It's summer time and everyday I fight the temptation to let my boys zone out in front of the computer or television. So, after a lot of coffee this morning I decided to get my boys outside and do a little gardening with them. And I do mean a little gardening. Is it really even gardening if your husband already did the prep work? But moving on...it started off with me telling the boys about my plan for planting beans. I had envisioned them smiling and reacting with joyful enthusiasm. Okay, that might be a little optimistic, but my boys really do love to garden so I expected they'd be somewhat excited. Instead, my youngest wanted to run in circles in the living room and my oldest acted indifferent to the idea. Hmmm...

Already, this wasn't going how I pictured it would in my mind. I guess I had hoped we would gather around the garden together and laugh while we dig in the fresh dirt, all the while I would be sharing motherly wisdom about life. If only it actually ever worked out that way. I then decided that their indifference was okay. I would just head out with my gardening tools and hope they would follow. My oldest joined me as I figured he would. It was fun for maybe five minutes until the mosquitoes decided they were hungry for the Legate breakfast buffet that featured me and Isaac as the main course. On top of that there were gross white bugs that had infested the garden soil. Ugh.

As I watched my itchy little boy head for the house, I couldn't help but feel disappointed for him and for myself. This whole gardening thing had gone differently in my mind. I was frustrated that even the simple little things in life can easily turn to disappointment. Add the little disappointments to the big disappointments, and one can easily start to feel frustrated. I was determined to complete this planting fiasco, despite the gross white bugs in the soil and the itchy bites that now covered my legs. As I was left alone with the garden and the mosquitoes I began to think about how this world really is cursed. From the little things in life to the big things in life, so much can go wrong. I pulled at the relentless weeds coming up around the tomato plants; a reminder of the story of the fall of human kind in Genesis. To Adam he said, "Because you listened to your wife and ate fruit from the tree about which I commanded you, 'You must not eat from it,' "Cursed is the ground because of you; through painful toil you will eat food from it all the days of your life."

Clearly, this is not our home. Sometimes this fact is painfully obvious to us. There are times we feel like a foreigner in this land and we scream in our hearts, "Why is this so hard!?". Other times we feel too at home here, sheltered from the storms of life. Too often we forget that God gave us each other for a reason; to encourage one another through the "painful toil". Community is so important. There are real people in our community, families, and churches who are drowning in disappointments and sorrows, too afraid to show their true burdens. They walk around with the mask of perfection firmly fastened, pretending to be unaffected by the painful toil in this life. (I know this because I used to be one of them.) And who can blame them? The pain of rejection and fear of being judged has shut the mouths and hearts of hurting people. This will be something I mention in my next post because it's a real problem in the church today and something I'm passionate about.

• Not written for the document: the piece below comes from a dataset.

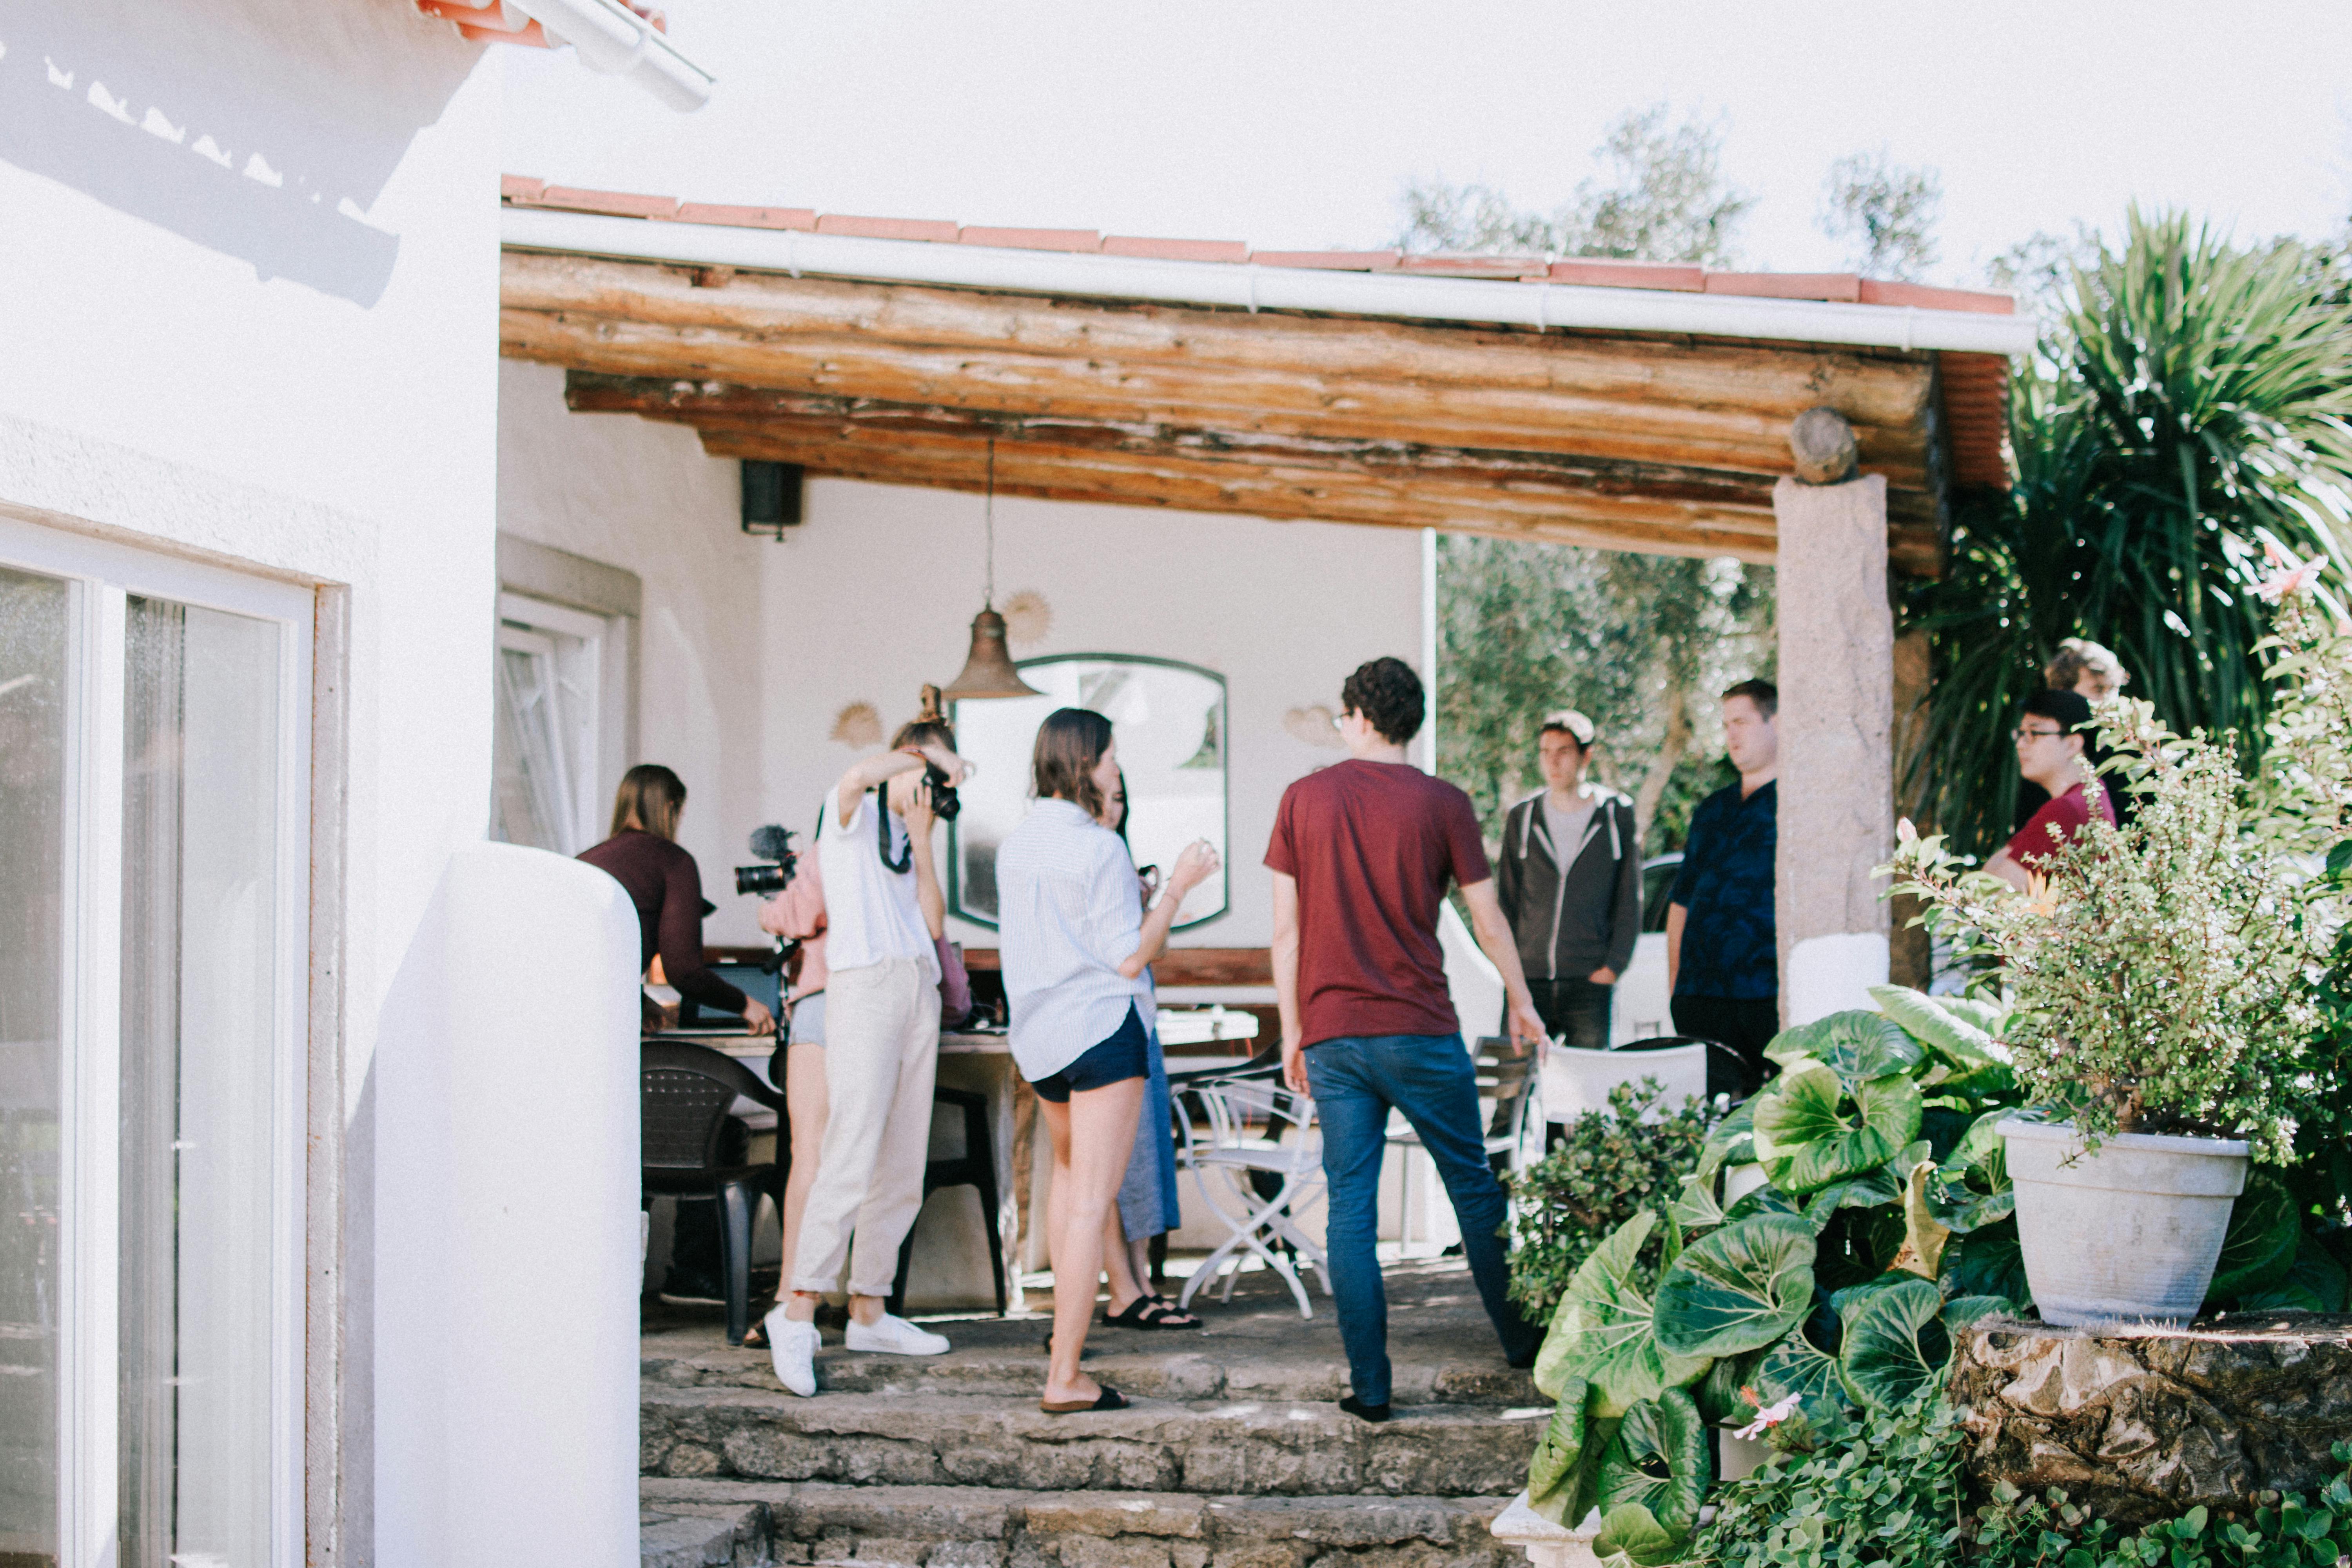 An outdoor house gathering | Source: Pexels

Mosquitoes and weeds in my garden are the least of my trials in life. The weeds I fight the most are not in my garden but in my marriage, my family, and friendships. I toil in these "gardens" every single day. And my whole reason for this blog is to show you that you are not alone in your toil. I am not perfect. None of us are perfect. And we need to be okay with that; with being perfectly imperfect. Does this mean we should be okay with living a sinful lifestyle? Never. Because that's not what God wants for us. He wants us to strive for holiness. "Therefore, I urge you, brothers and sisters, in view of God's mercy, to offer your bodies as a living sacrifice, holy and pleasing to God--this is your true and proper worship." (Romans 12:1) But we don't get there by pretending. We get there by taking off our masks and letting God use our stories of how we've journeyed through the painful toil.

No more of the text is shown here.